* _Exercise brief_: Skip all pictures; return exactly the lines from the one containing "231C Impact Wrench" through the end of the data.

* _Dataset excerpt_:
---------------

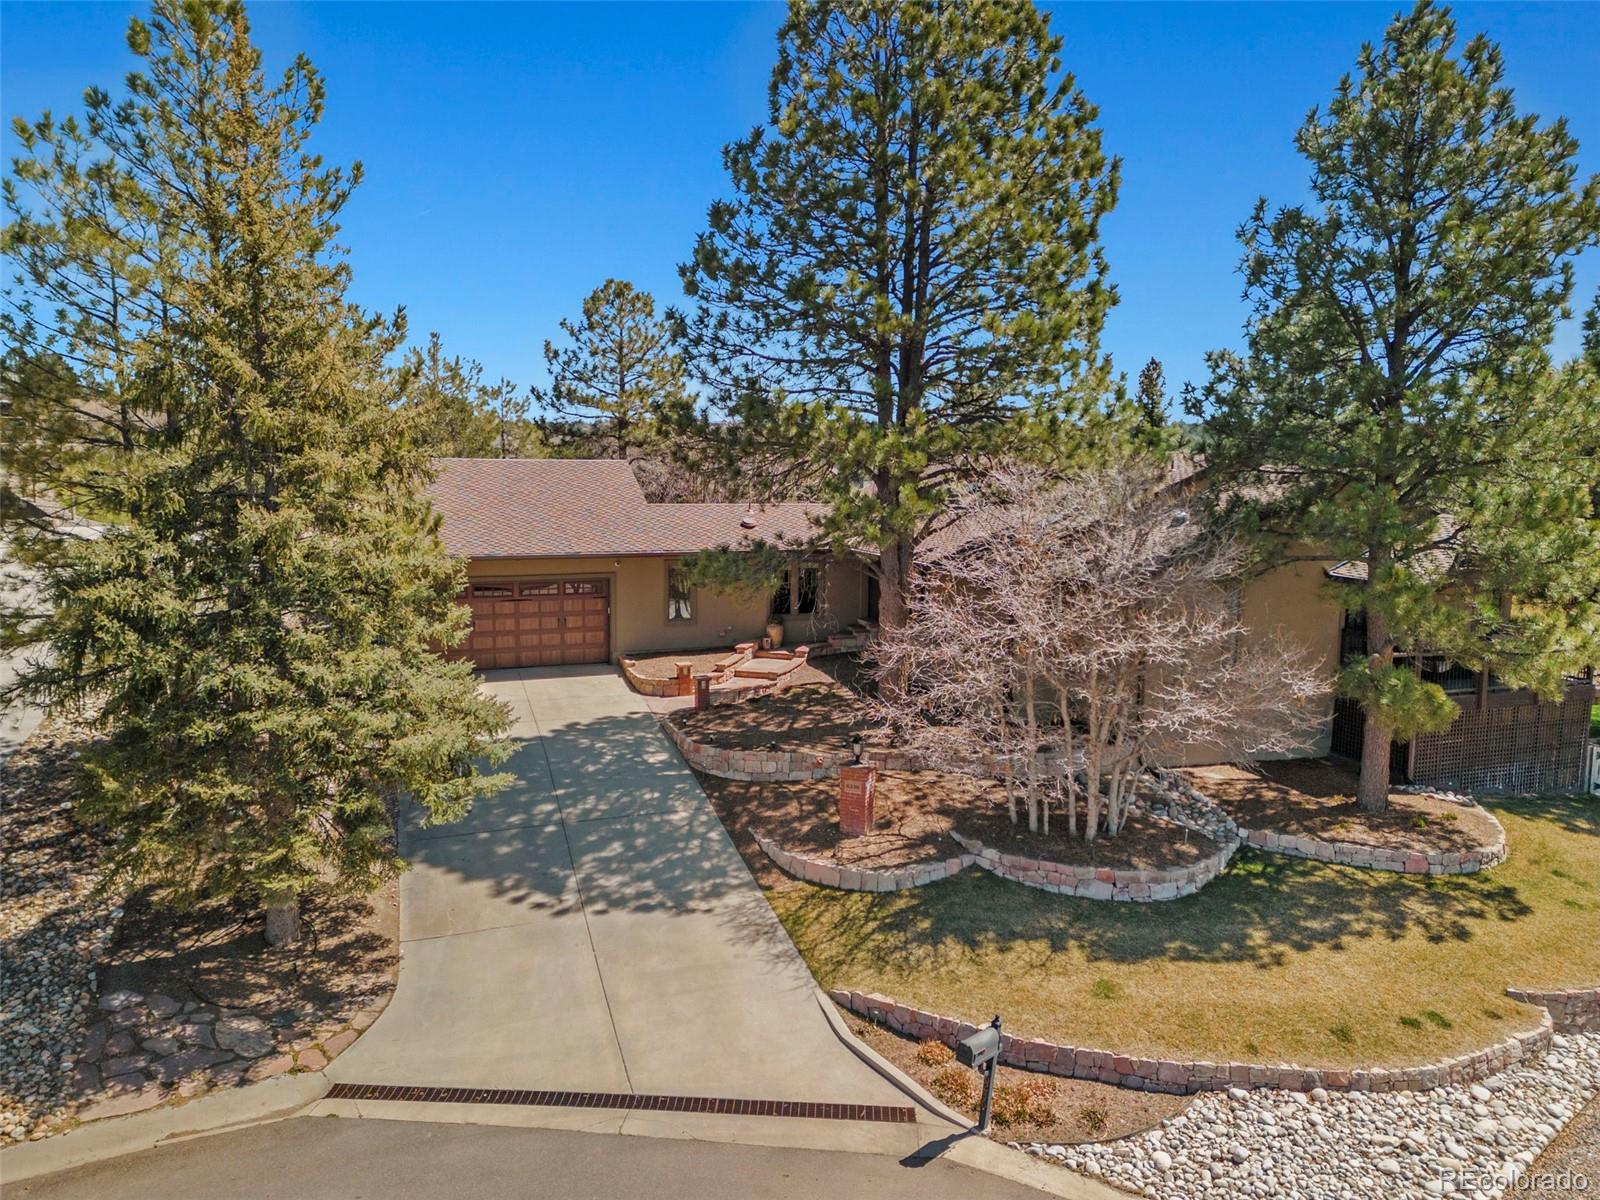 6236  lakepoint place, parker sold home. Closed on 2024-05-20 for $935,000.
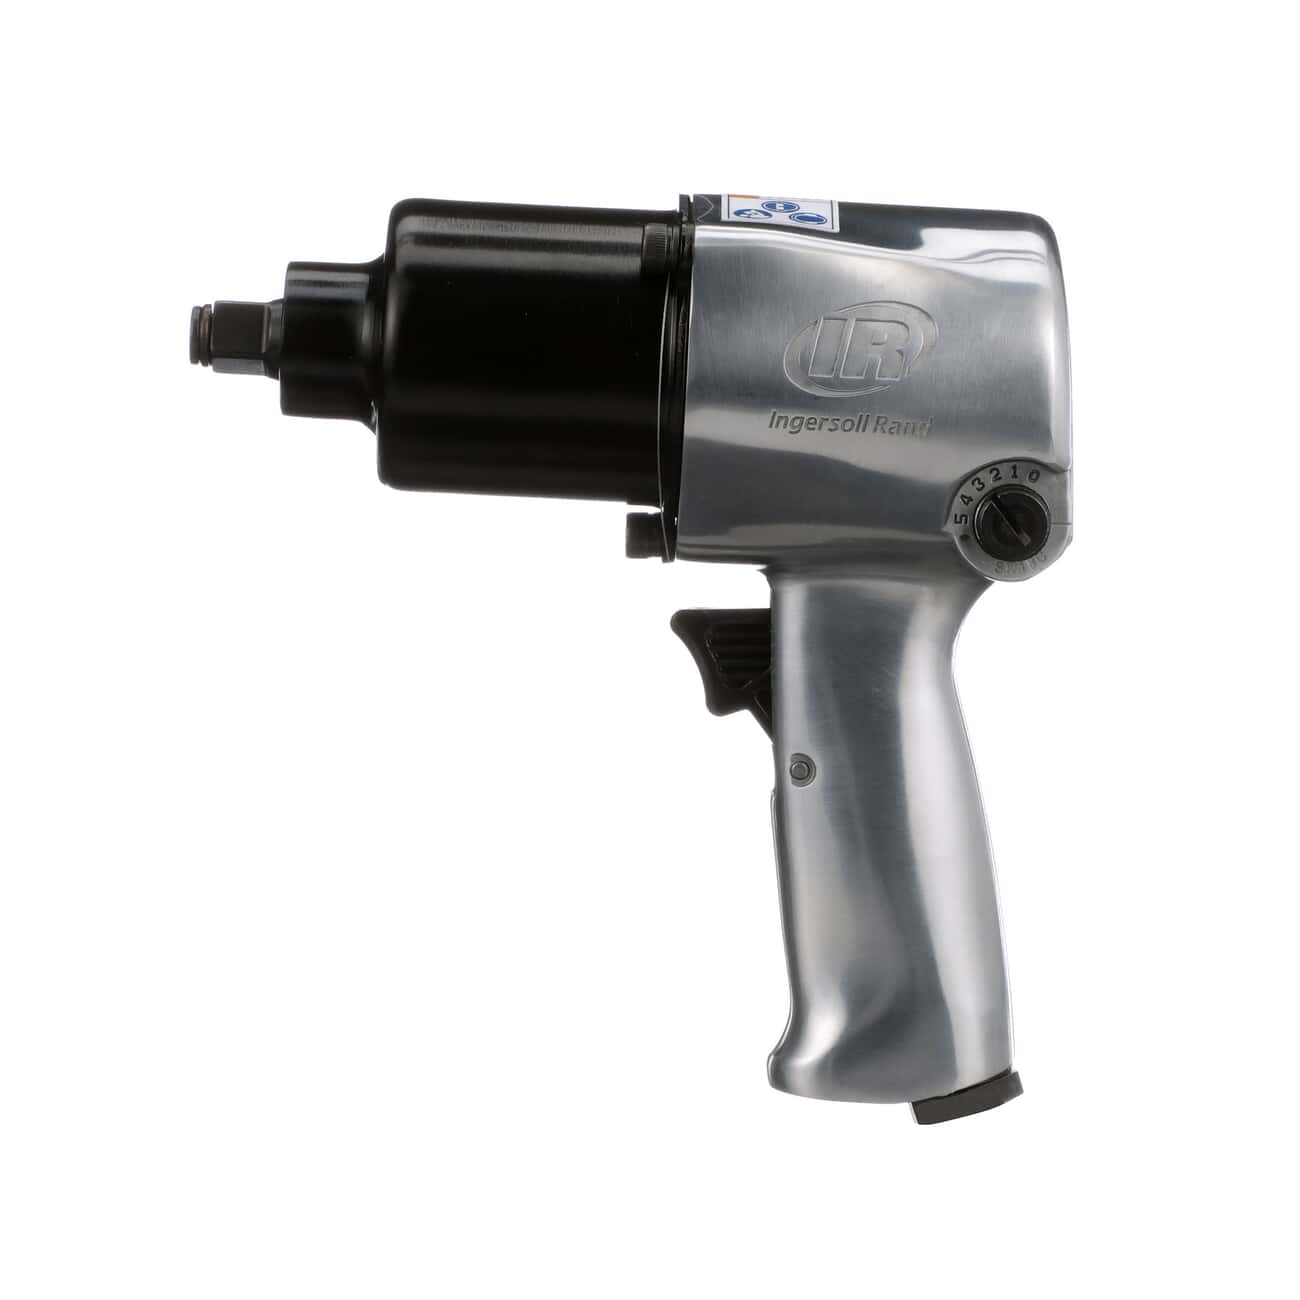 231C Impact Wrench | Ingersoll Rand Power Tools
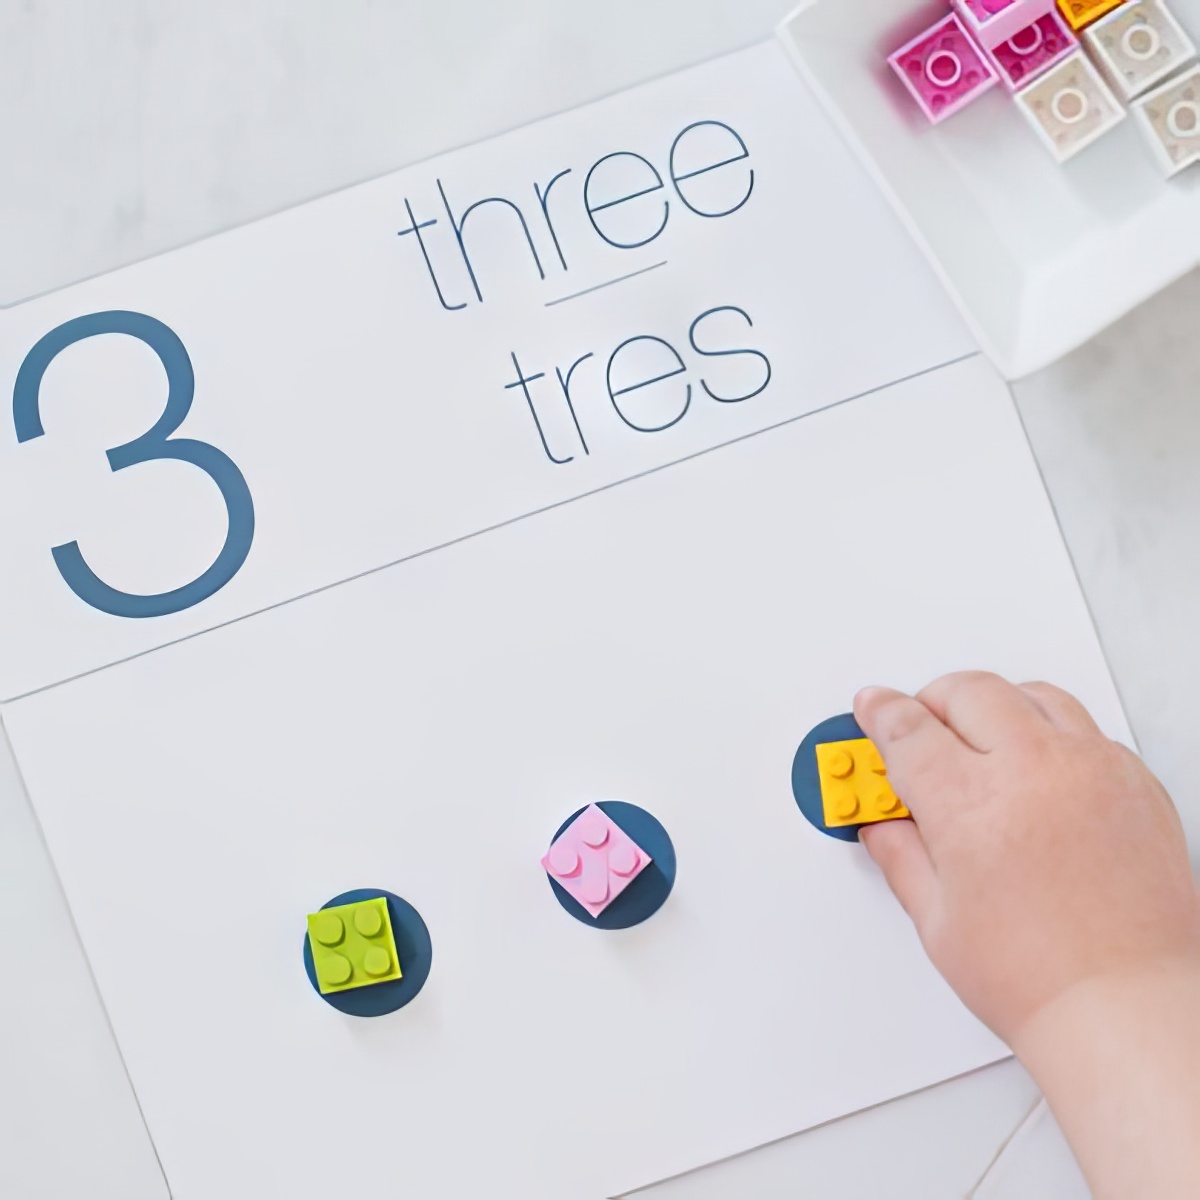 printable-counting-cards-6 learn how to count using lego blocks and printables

---------------

* _Exercise answer_:
 231C Impact Wrench | Ingersoll Rand Power Tools
 printable-counting-cards-6 learn how to count using lego blocks and printables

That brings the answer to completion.